→ **Exercise details**:
Return the material below exactly, but only from the line with "Big Wild Superdream" through the line with "Una casa di", and without its pictures.

→ **Given records**:
= = = = = = =

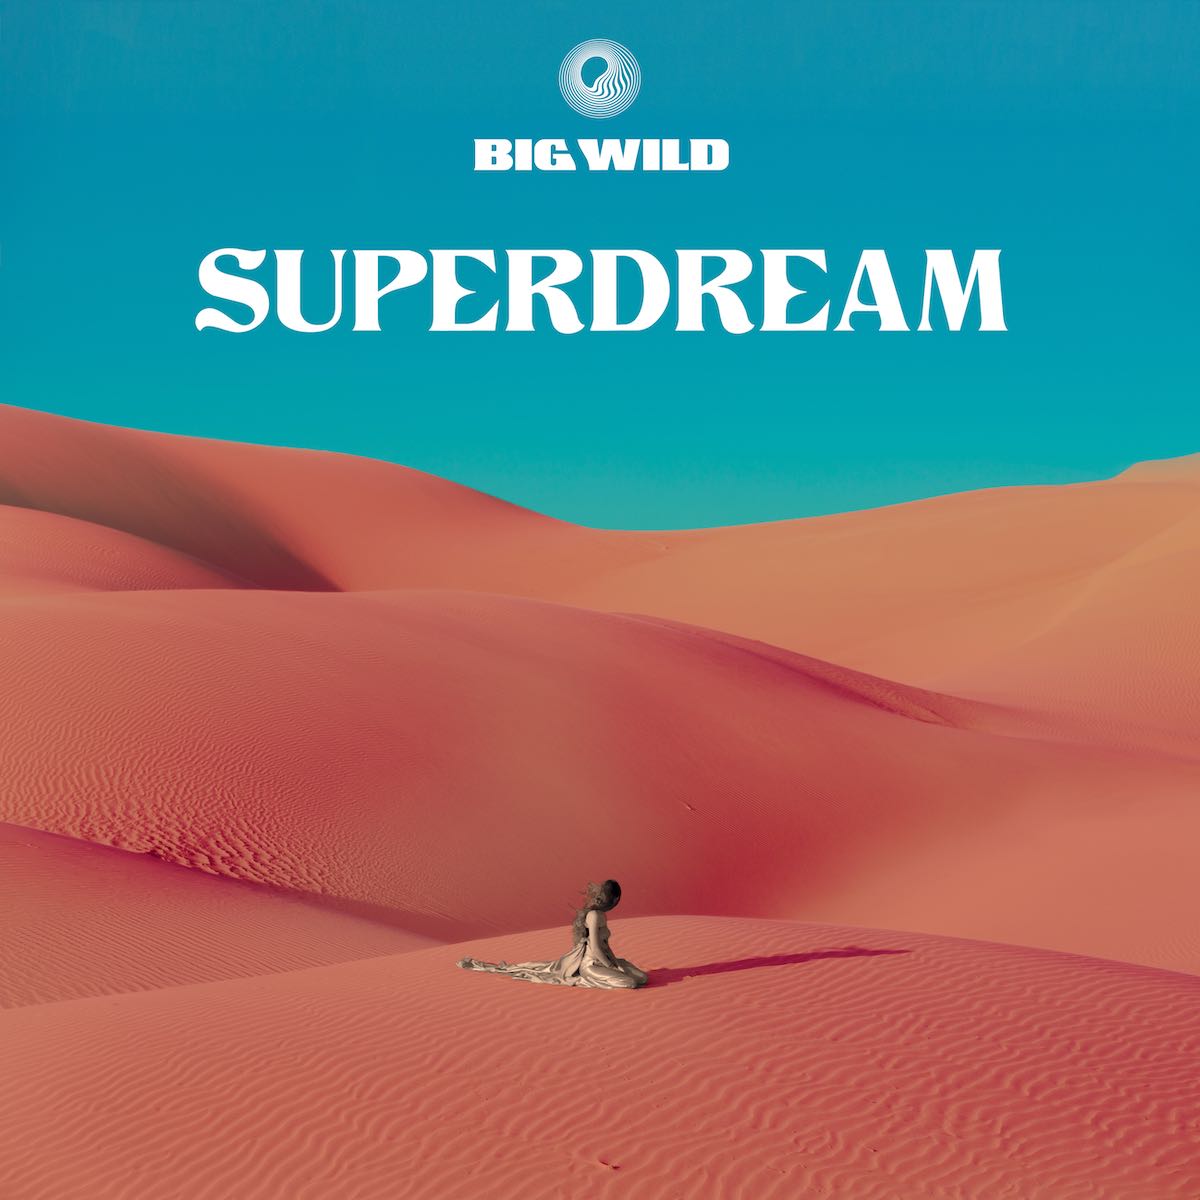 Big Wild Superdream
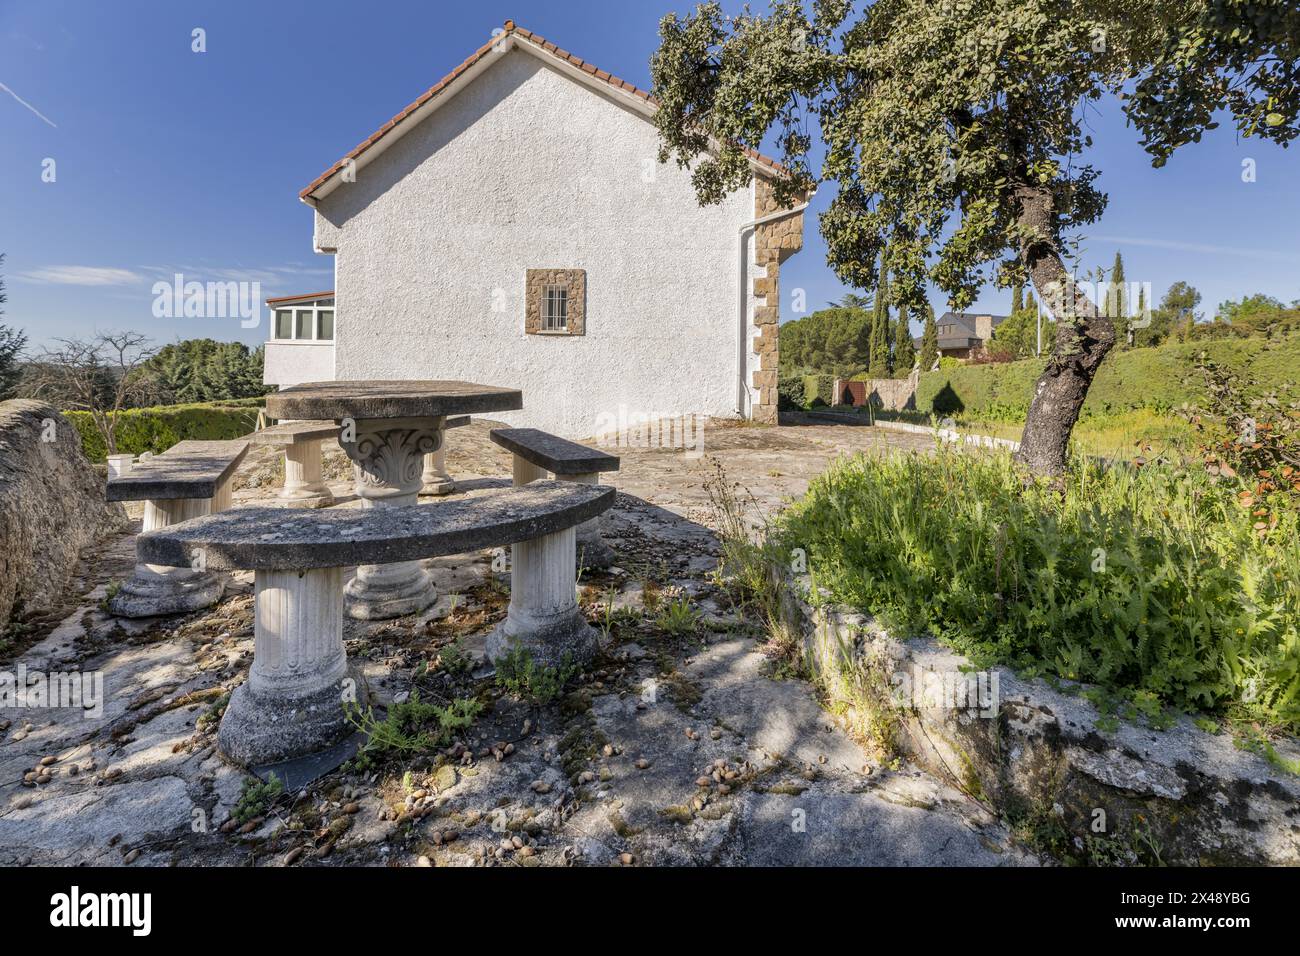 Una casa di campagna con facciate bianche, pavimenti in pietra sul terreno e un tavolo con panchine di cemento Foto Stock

= = = = = = =

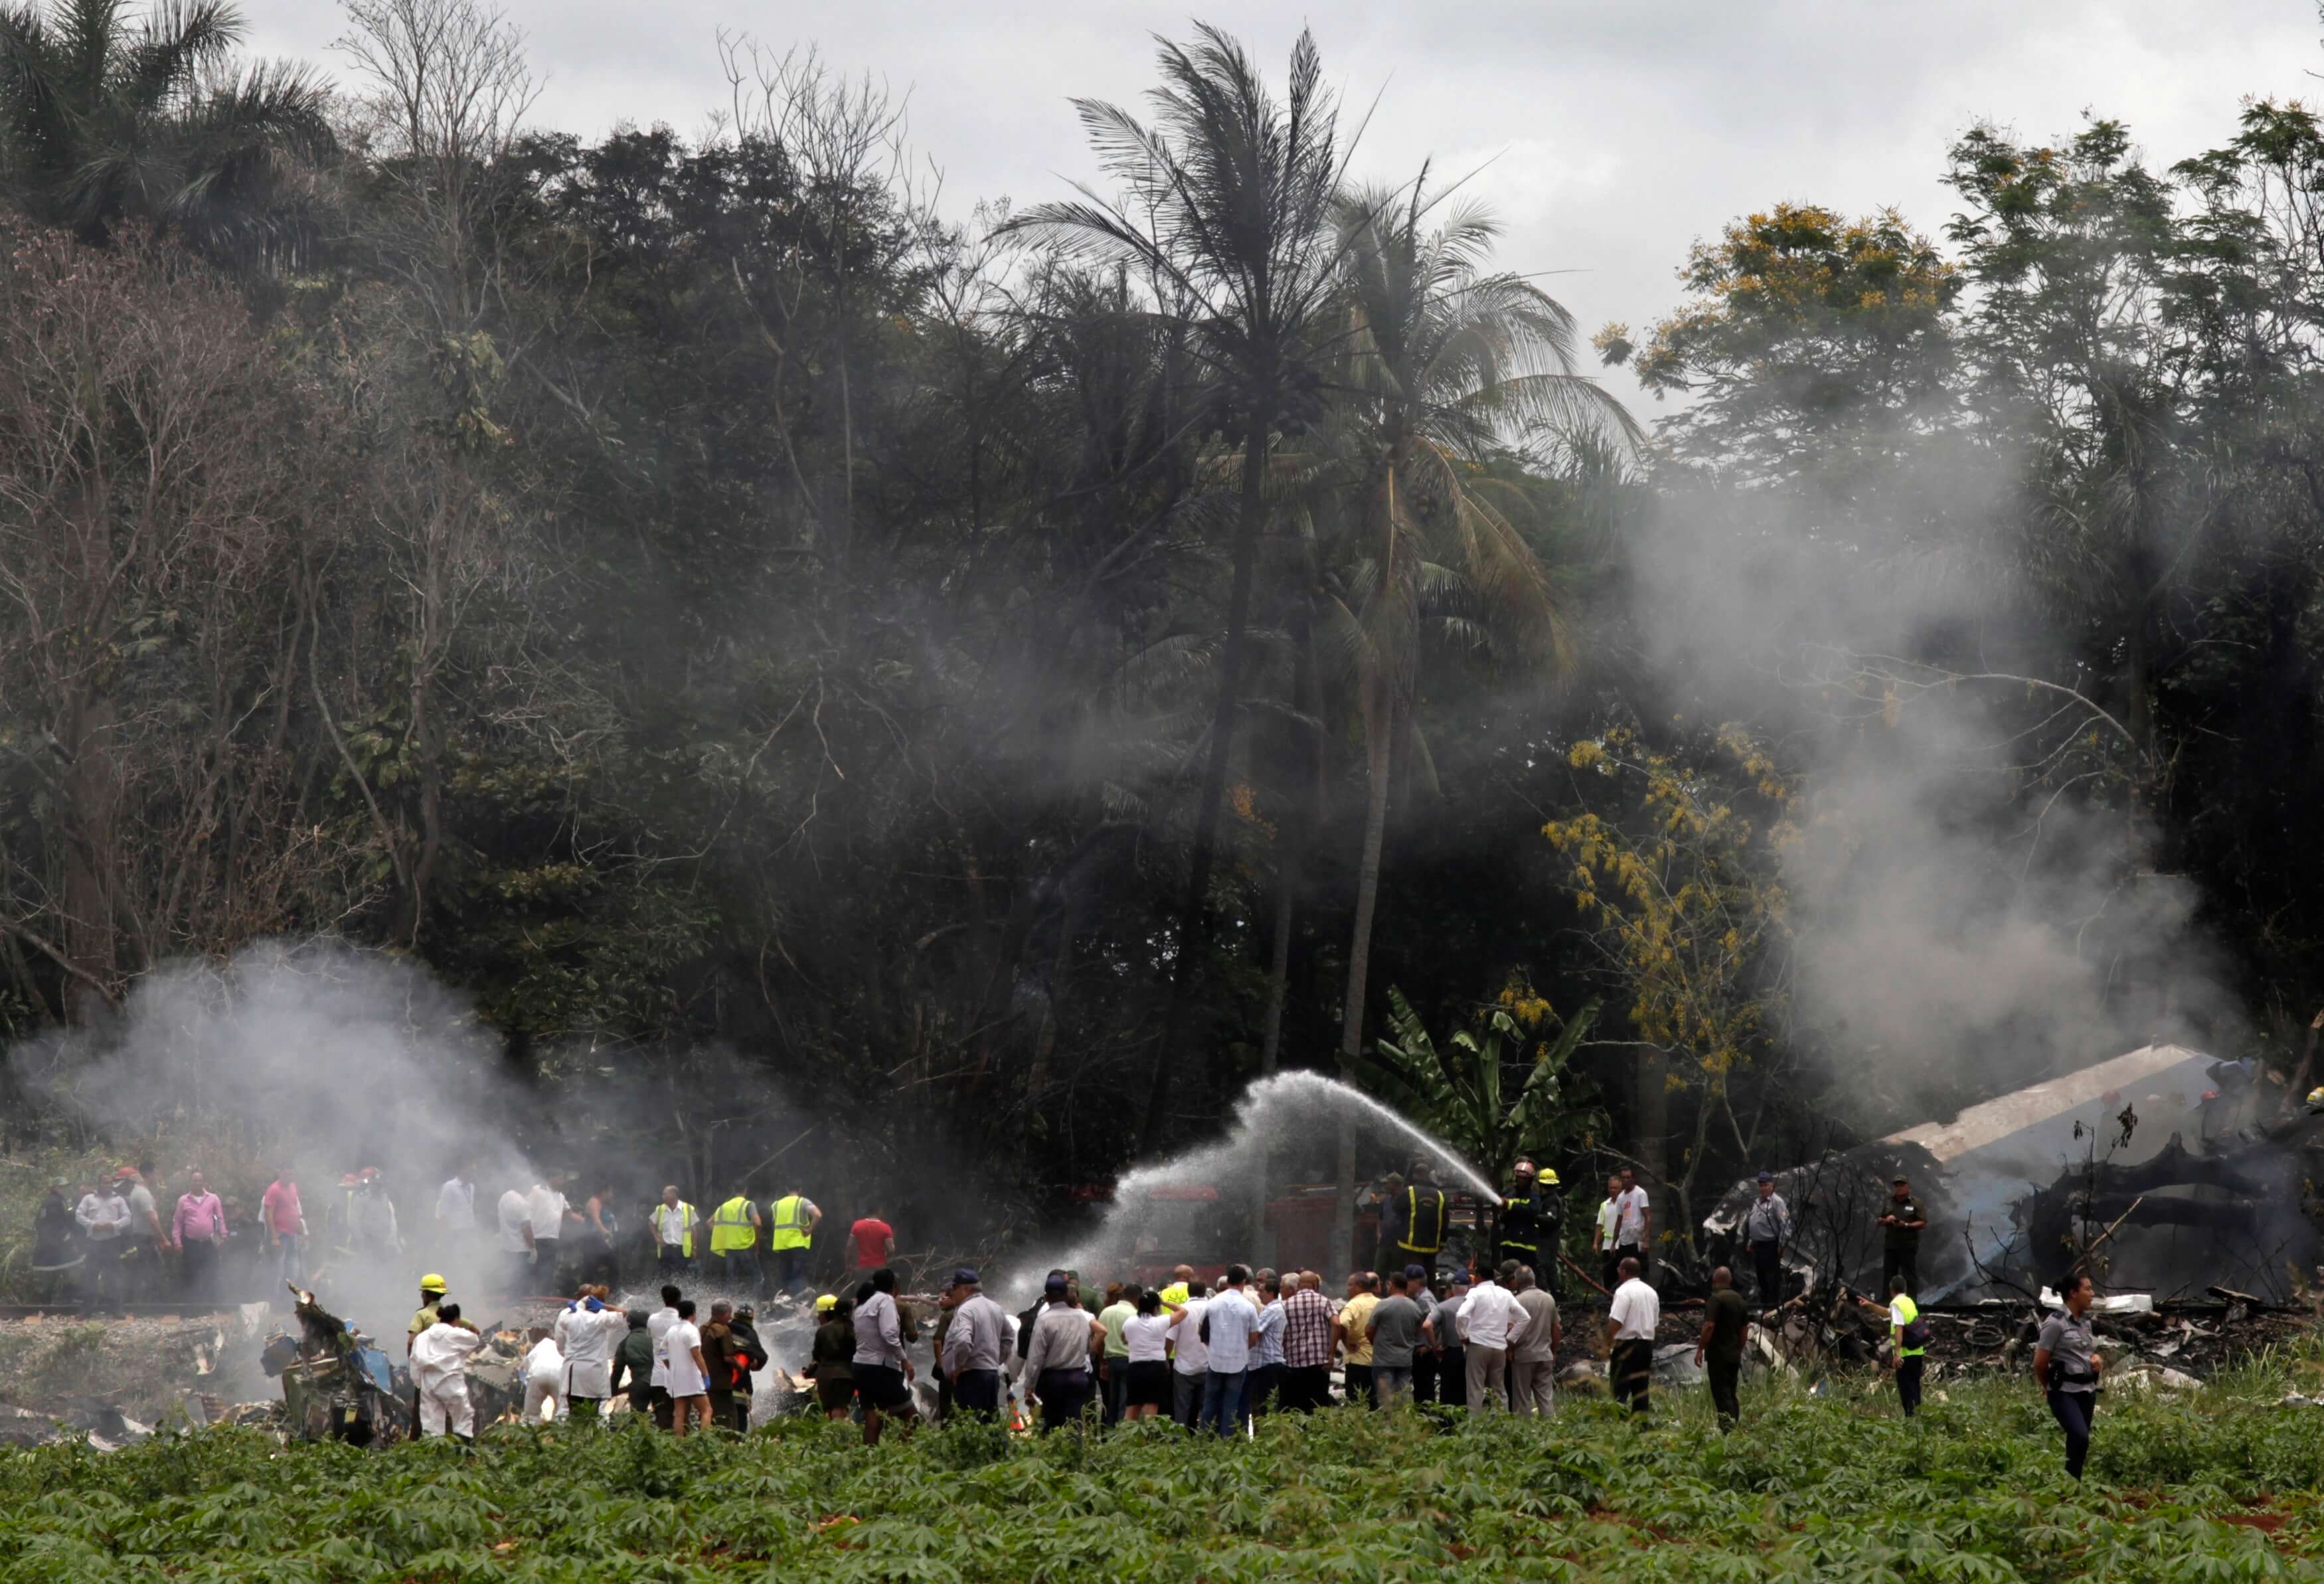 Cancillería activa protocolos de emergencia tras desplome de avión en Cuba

= = = = = = =

→ **Result for this task**:
 Big Wild Superdream
 Una casa di campagna con facciate bianche, pavimenti in pietra sul terreno e un tavolo con panchine di cemento Foto Stock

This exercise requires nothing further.